Robinson: Okay, so 2012 matters. Last night we put up on Facebook a notice that I would be interviewing you today and invited people to put up questions. I checked thirty-four minutes after we put up the notice and dozens of people had already put up comments. One wanted me to ask “why he’s so awesome” and “why he’s only sharing that awesomeness with his family in southeastern Wisconsin.” Another said it’s “borderline irresponsible for a Republican who could clean Obama’s clock to choose not to run.” Yet another asked why you don’t just cut the routine and team up with Chris Christie to win this thing. And I got an e-mail from Professor Paul Ray: “What an opportunity we have been given, and what will it mean if we waste it?” Congressman?

Ryan: No pressure [laughs]. We can do this, and I don’t feel like I have to be the vessel on top of the ticket in 2012 to do it. As far as I am concerned, from the House we have done a lot to frame this debate. We have done a lot to move this conversation to where it belongs, and we can do more to do that. But you have to have it in your mind, in your heart, in your gut to so badly want to be president in order to run effectively for it, and I just don’t have that.

Robinson: Maybe that is what qualifies you. OK. Far be it from me, I have never run for dogcatcher, I am not going to beat you up over that, but let me ask one more question about the presidential field. Mitch Daniels, governor of Indiana, a good buddy of yours, said recently that no Republican candidate is saying what needs to be said. Do you agree?

Ryan: I think they will. I think time will heal these problems and I think we have done a lot in the House to advance this debate. Because they will not be able to run away from what we have already done, and I am fine if people do not like the way we propose to solve the problem. Use these conservative principles, apply them to the problem, come up with a different route of solving the problems—that is great. I think that is going to have to happen, and I think these candidates will get there. It is still in the relatively early stages of this race.

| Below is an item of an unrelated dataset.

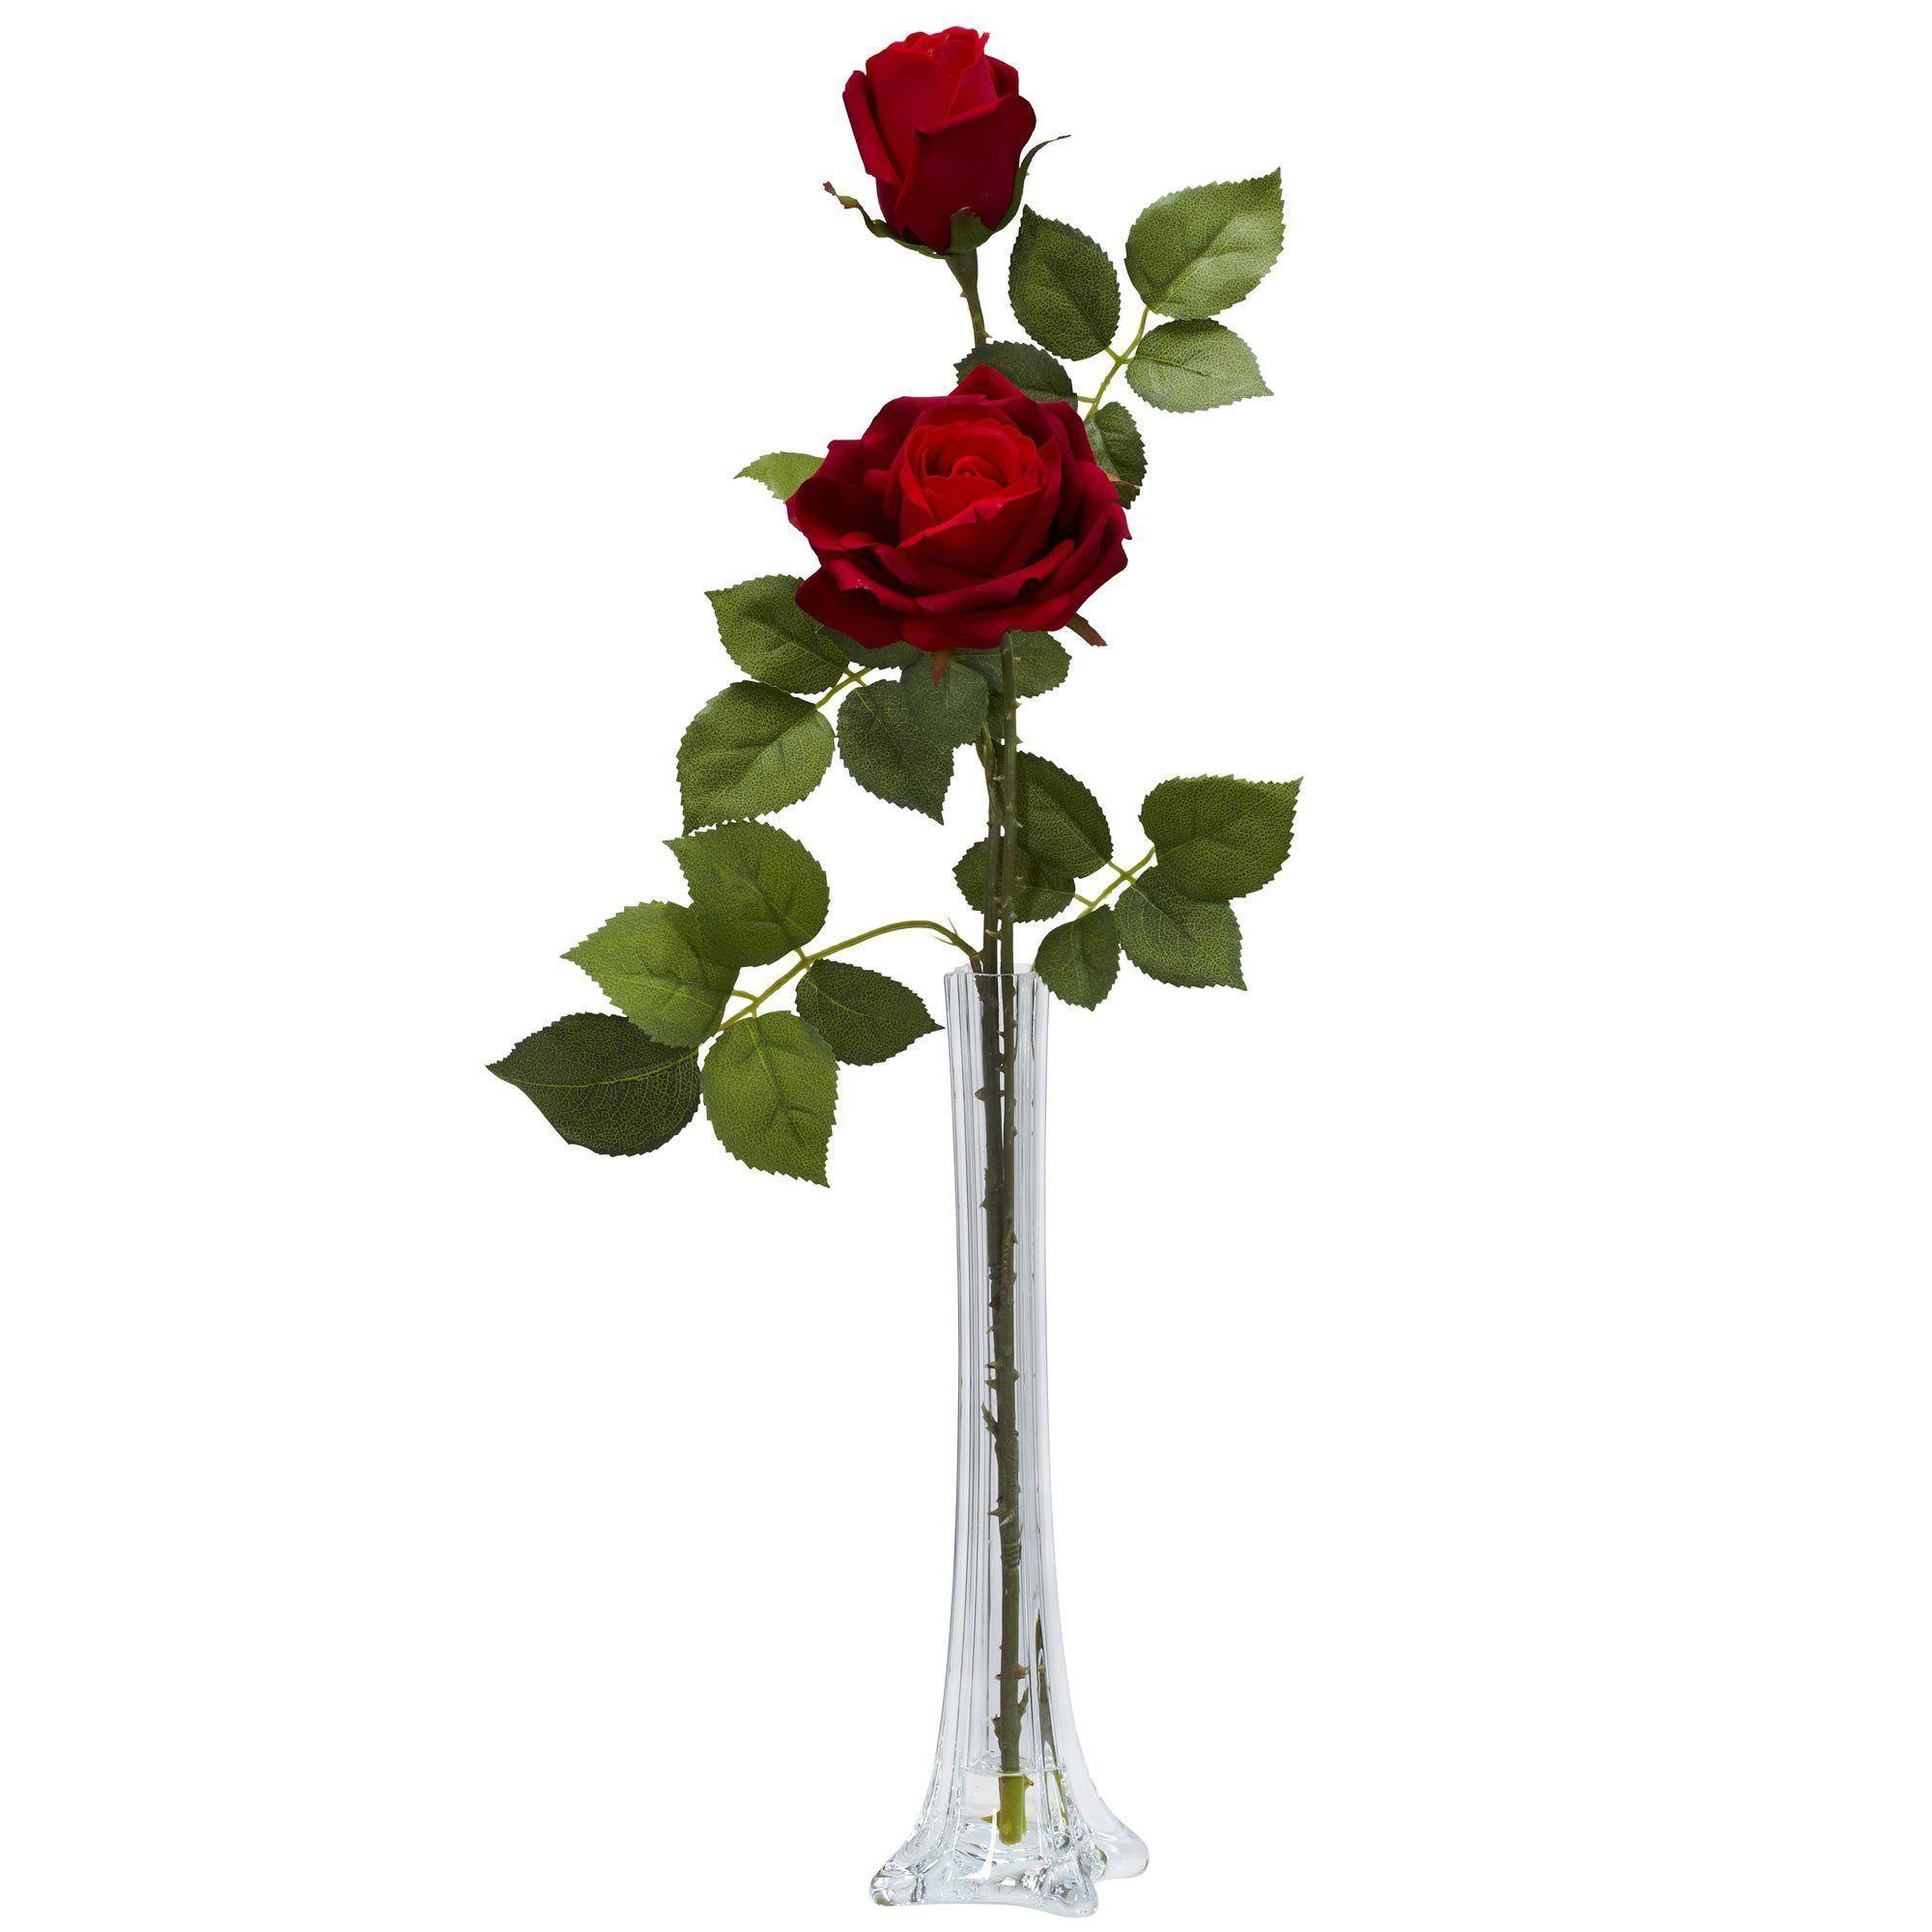 Roses W Tall Bud Vase Silk Flower Arrangement In 2020 Artificial

Robinson: We have been talking about the challenges for this republic, the wider decline of Western civilization, now last question. Can the Packers pull it off again?

Ryan: Oh yeah, absolutely.

Robinson: And it is Lambeau Field.

Ryan: Do not come to Wisconsin and say “Lambert Field.”

Robinson: OK. Congressman Paul Ryan, chairman for now, and apparently if you are intent on staying in the House, for some time to come, of the House Budget Committee, thank you.